Première étape de l’argumentation : que les scènes primitives soient réelles ou fantasmées ce qui importe c’est de les faire devenir conscientes et donc de ne rien changer à la technique analytique qui permet de les mettre à jour.
Nous poursuivons notre lecture de l’Homme aux loups, page 207. Je dois avouer que j’étais sur le point de déclarer forfait à l’idée de reprendre à nouveau tous les arguments que Freud avance dans sa discussion avec Jung et je l’ai même suspecté de tourner en rond à propos de cette question de la réalité ou non des scènes primitives mais de fait il n’en ai rien car Freud va user ici d’un subterfuge qui renouvelle radicalement l’approche de cette question. Il part en effet du point de vue de Jung : supposons nous dit-il que cet analysant pour fuir la réalité se soit réfugié dans cette activité fantasmatique régressive, cela ne changera pas grand-chose au travail de l’analyse, il faudra en effet le suivre dans l’analyse de ces fantasmes avant de lui faire reconnaître quelle en était la cause actuelle. De ce point de vue, on peut penser au travail que Freud a effectué avec l’Homme aux rats : il avait en effet retrouvé ce qui avait été la cause actuelle de sa névrose, le mariage d’argent que lui avait proposé sa mère, mariage qui répétait ainsi le mariage d’argent de ses parents, mariage qu’il avait remis en scène dans le transfert, avec la fille de Freud. Dans l’un de ses rêves, elle avait deux boules de crotte à la place des yeux : il l’avait en effet épousé non pas pour ses beaux yeux mais pour son argent.
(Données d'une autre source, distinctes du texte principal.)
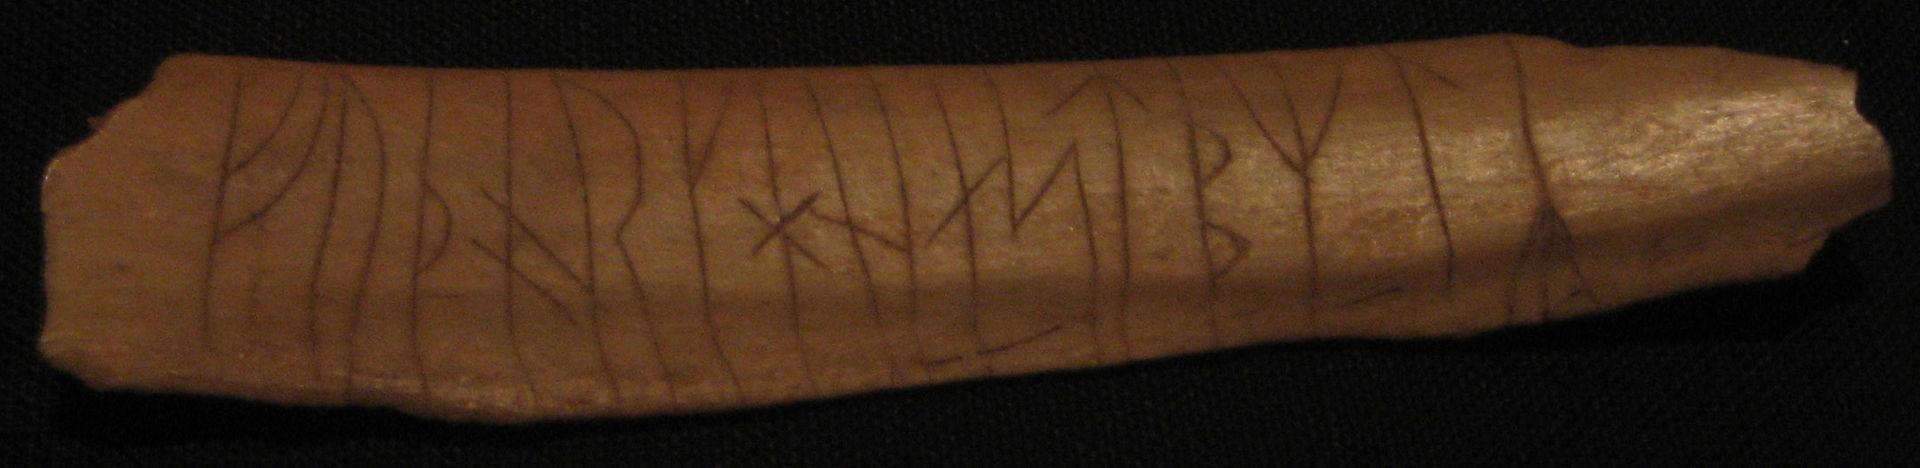 Футарк викингов, вырезанный на кости

Mais je reprends donc la démonstration de Freud qui a momentanément adopté la position de Jung : « Nous mettons donc en discussion la conception selon laquelle de telles scènes de la première enfance… ne sont pas les reproductions de faits réels… mais des formations fantasmatiques qui empruntent leur incitation au temps de la maturité… et qui doivent leur apparition à une tendance régressive, au fait de se détourner des taches du présent. »
Tout aussitôt il avance un pion efficace et va prendre Jung à son propre piège : « Si le névrosé a la mauvaise habitude de détourner son intérêt du présent et de l’attacher à de telles formations substitutives régressives de son imagination [Phantasie], on ne peut absolument rien faire d’autre que de le suivre dans ces voies et d’amener ses productions inconscientes à la conscience, car elles sont… d’une grande valeur pour nous comme porteurs et possesseurs actuels de l’intérêt que nous voulons rendre libre, pour le diriger sur les tâches du présent ? L’analyse devrait donc se dérouler exactement comme celle qui, dans une confiance naïve, tient ces fantasmes pour vrais. Ce n’est qu’à la fin de l’analyse, après la mise au jour de ces fantasmes, qu’interviendrait une différence. On dirait alors au malade : « Bon, votre névrose s’est déroulée comme si vous aviez reçu et élaboré de telles impressions dans vos années d’enfance. Vous voyez bien que ce n’est pas possible. C’étaient des produits de votre activité fantasmatique pour vous détourner de tâches réelles qui vous incombaient. Maintenant recherchons quels étaient ses tâches, et quelles connections ont existées entre elles et vos fantasmes. » Une seconde partie du traitement, tourné vers la vie réelle, pourrait commencer après cette élimination des fantasmes infantiles.
Un raccourcissement de ce chemin, donc une modification de la cure analytique pratiquée jusqu’ici, serait techniquement inadmissible. Si on ne rend pas ces fantasmes conscients au malade, dans toute leur étendue, on ne put lui donner la maîtrise de l’intérêt qui leur est lié. Si on le détourne d’eux, dès qu’on pressent leur existence et leurs contours généraux, on ne fait que renforcer l’œuvre du refoulement, par lequel ils sont devenus insaisissables pour tous les efforts du malade. Si on les lui dévalorise prématurément, par exemple en lui déclarant que ce ne sont que de fantasmes qui n’ont aucune importance réelle, on ne disposera jamais de sa collaboration pour les conduire à la conscience. La technique analytique devrait donc dans une procédure correcte ne connaître aucune modification, quelque soit la manière dont on évalue les scènes infantiles. »
En somme Freud essaie de convaincre Jung du fait que quelque soit l’approche théorique que l’on puisse faire de ces scènes primitives réellement vécues ou fantasmées, ce qui compte c’est qu’elles soient rendues conscientes et donc il convient de ne rien changer au moins à la technique analytique. Il essaie de sauver les meubles, quant à la technique de l’analyse, même si la théorie en est contestée. Nous en sommes au milieu de la page 208. Nous verrons où Freud s’engage ensuite dans tous les méandres de sa démonstration : je pense qu’il s’agit à nouveau de ce qu’il appelle « constructions en analyse ».